Crescita. Sviluppo. Bisogna crescere. Aumentare i fatturati, aumentare i profitti. E tagliare le spese. Occorre fare “le Riforme” e rivedere il welfare. Eliminare gli sprechi e tagliare i rami secchi, inutili zavorre alla crescita. Freni insostenibili alla corsa sfrenata e lucente verso il… futuro… radioso…

Ecco i binari su cui si muove questa locomotiva impazzita e noi lì, incatenati sopra. Impotenti. Almeno i si-global ci credono. Loro pensano che questo modello porterà più benessere a tutti… E’ proprio vero che l’ignoranza a volte può servire. Perché si soffre di meno, a non conoscere. A non capire.

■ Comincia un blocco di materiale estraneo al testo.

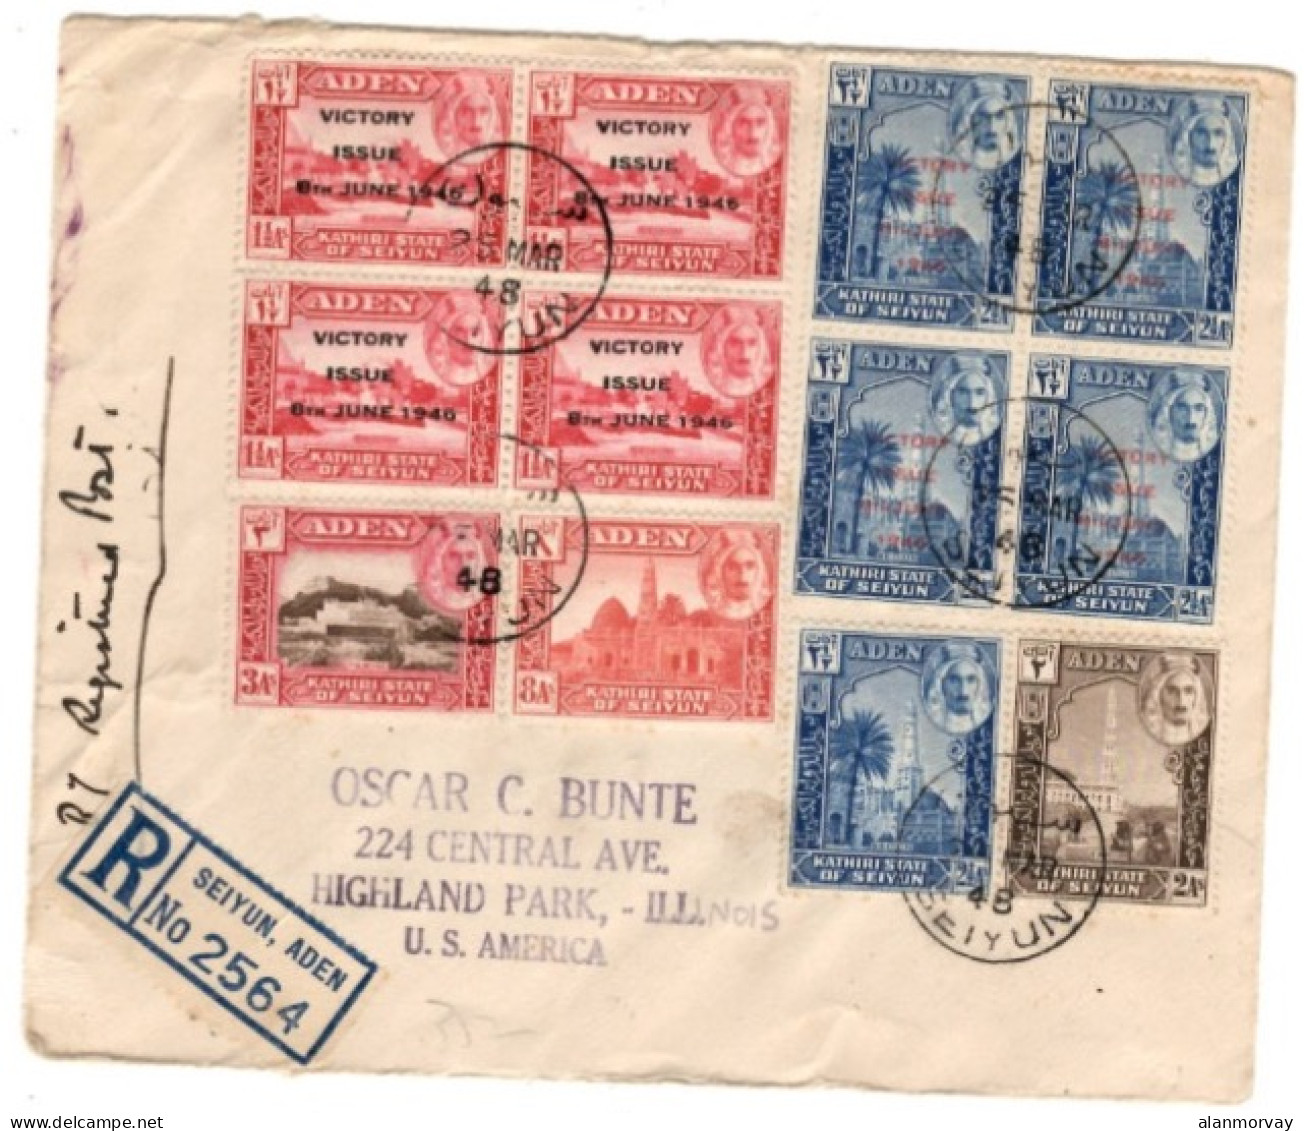 Aden - Aden Kathiri State Of Seiyun March 25, 1948 Registered Cover To USA - Aden (1854-1963)

Assecondando questo modello di sviluppo, tutta la società, quindi la nostra vita tutta intera, deve cambiare, adeguarsi. Devono cambiare le strutture e le forme del lavoro; devono cambiare la sanità e l’erogazione dei servizi. Deve cambiare la scuola!

Il governo uscente (più liberista del prossimo venturo, ma solo di poco), ha varato una riforma della scuola per trasformare i nostri figli in “piccoli imprenditori”, futuri uomini e donne pronti a calarsi nel vortice del mondo globale e della vita … quella cosa tutta piena di lotte e di commerci turbinosi”. Uomini e donne temprati a un’esistenza “ruvida e concreta”, quella “del buon mercante inteso alla moneta”… (il virgolettato è di Guido Gozzano, ndr)

E allora ecco “il portfolio”. E allora ecco le tre “i” (inglese! internet! impresa!)…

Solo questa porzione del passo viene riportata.